3.If you are sending poems for a specific issue of the magazine, mention that too.

Your Poems:
You should submit about 5 poems or pages, held together with a paper clip. Do not staple your pages

An SASE (self-addressed stamped envelope): If you want them returned, make sure that you include enough postage for the return of your poems. But always keep a copy of the work you’ve submitted. You’re generally better off to send a business sized envelope and enough postage just for their response. If this is what you choose to do, make sure to let them know that the manuscript in a disposable copy, A SASE makes it more likely that you'll get some kind of response, even if it's a rejection.

Your exterior envelope:
Address your package to the poetry editor by name. Send the package flat in a 9 x 12 inch manila envelope. Don't use a standard business envelope with your poems folded into thirds, it'll make your newbie status all too obvious, and you’ll be taken less seriously. Remember to put enough postage on the exterior of your envelope and make sure that everything looks professional. Use plain labels for the return address, and use boring stamps.

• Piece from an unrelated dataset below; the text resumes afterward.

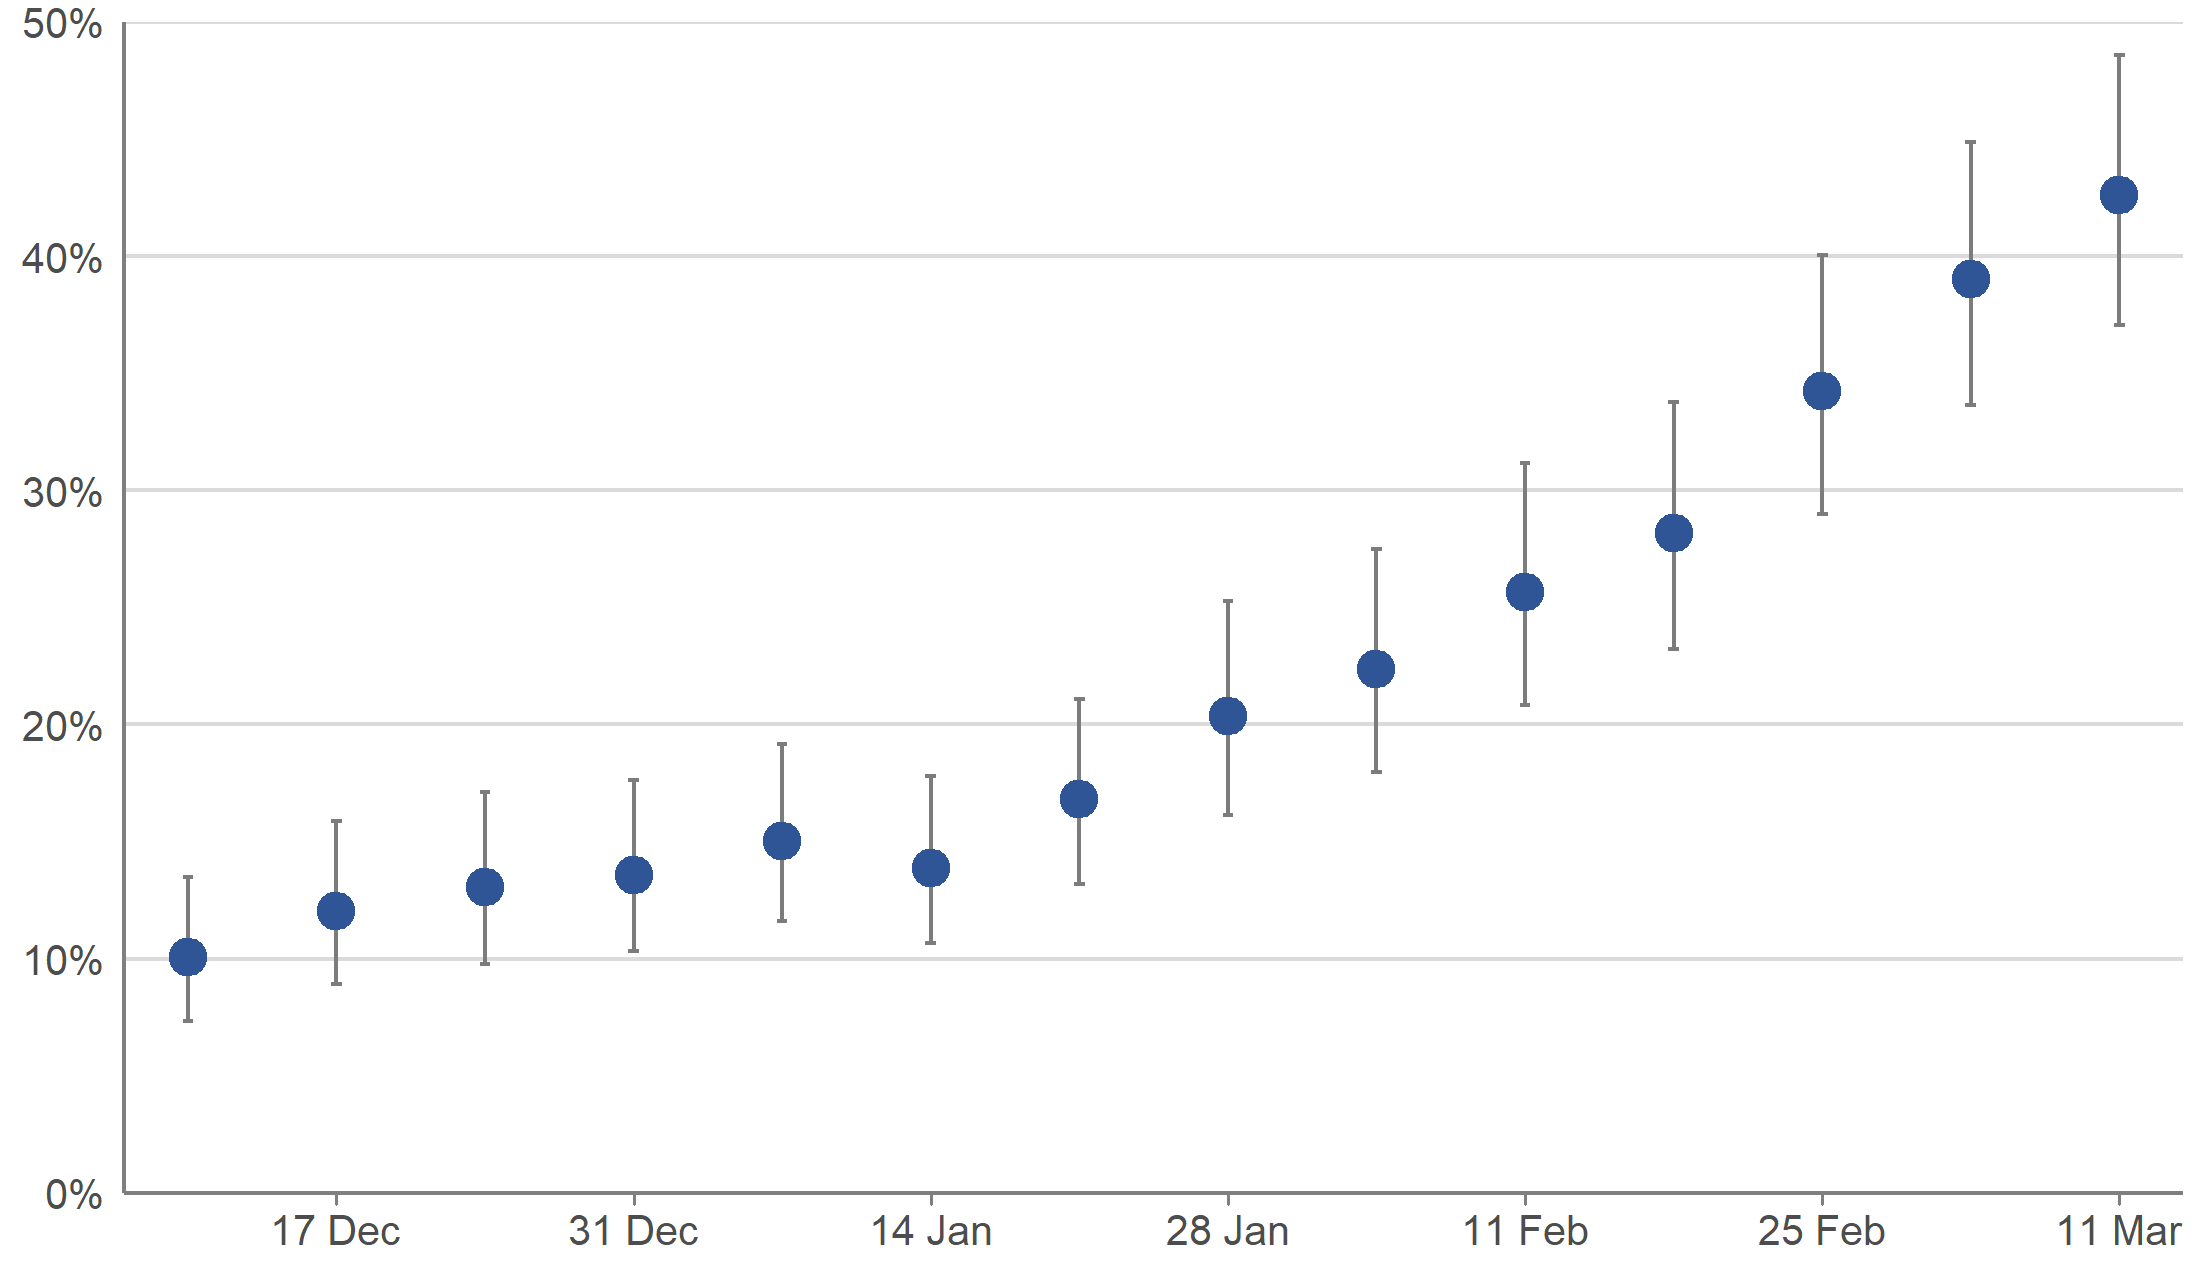 The chart shows modelled weekly percentages of people testing positive for antibodies to SARS-CoV-2 from a blood sample, from 7 December 2020 to 14 March 2021, including 95% credible intervals. Modelled estimates suggest there has been an increase in antibody positivity in the week 8 to 14 March 2021 in Scotland.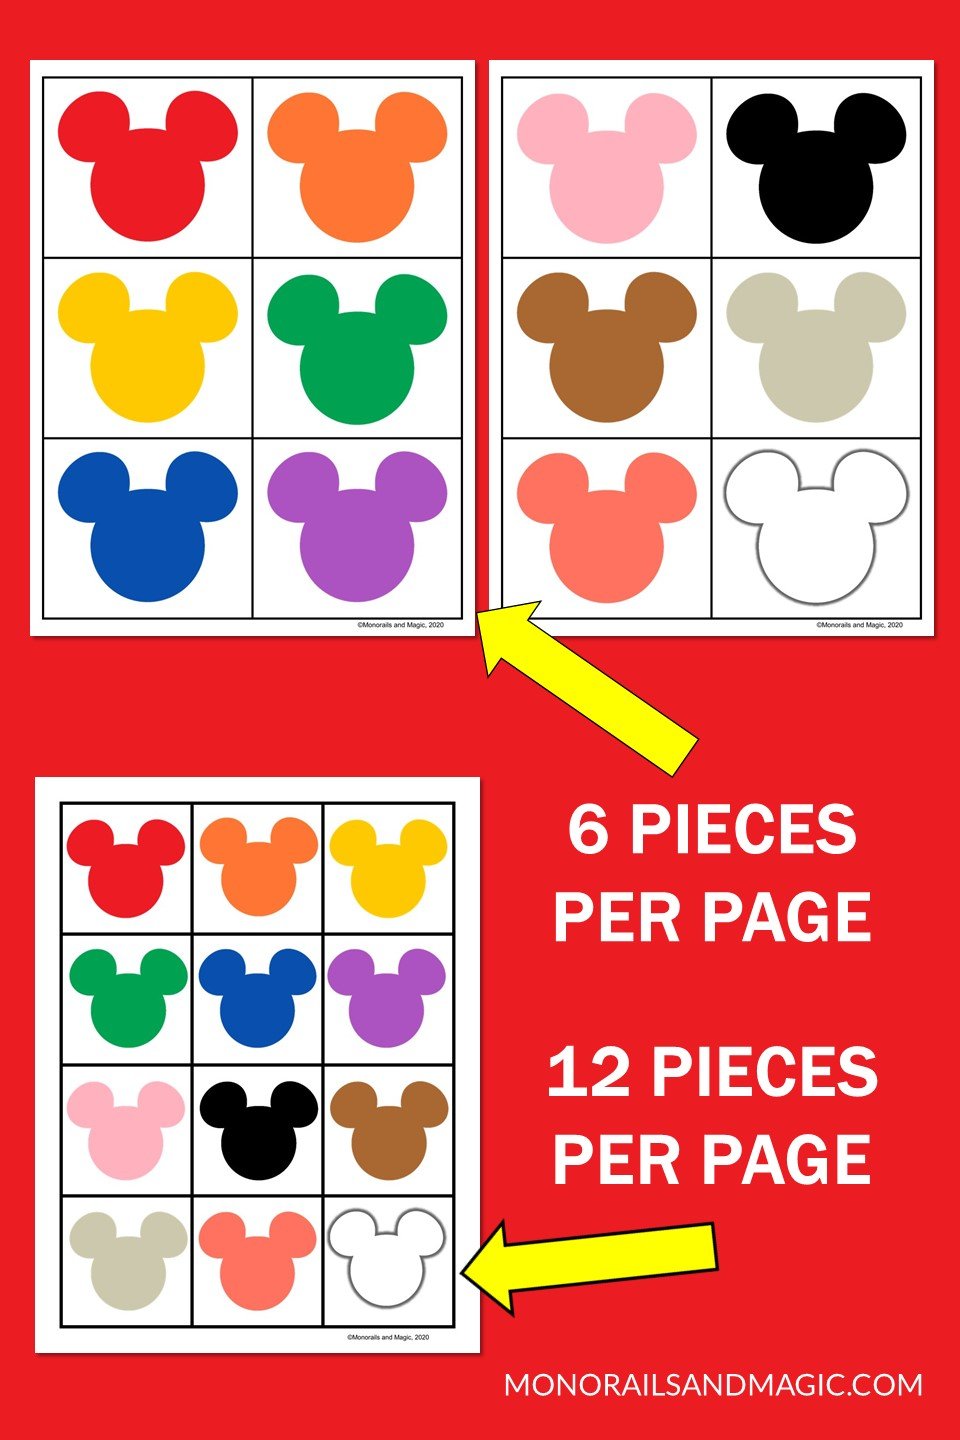 Free printable Mickey mouse colors memory game.

Submitting to more than one market
*Never submit a poem that has already been published in any form. This rule even applies if you put the poem on your own homepage -- technically that is also a form of publication, and you don't want to jeopardize your chances.
*Technically, you're not allowed to submit the same poems to more than one publication simultaneously. Most first-timers submit to many publications, wait for the first acceptance, and then tell the other publications that he/she would like to withdraw his/her poems from consideration. It's technically wrong, but sometimes you have to get cutthroat.

Keep track of your submissions!
In order to avoid confusion and the perils of forgetfulness, you should keep a record of what poems you have submitted to which publications. Note also the date they were submitted, whether or not you’ve received a response, and what that response was. Once a poem has been rejected by one publication, you are free to resubmit it to another. This also serves as a list of publication credits for quick reference.

Now that we’ve covered all of that, submit, but don’t quit your day job.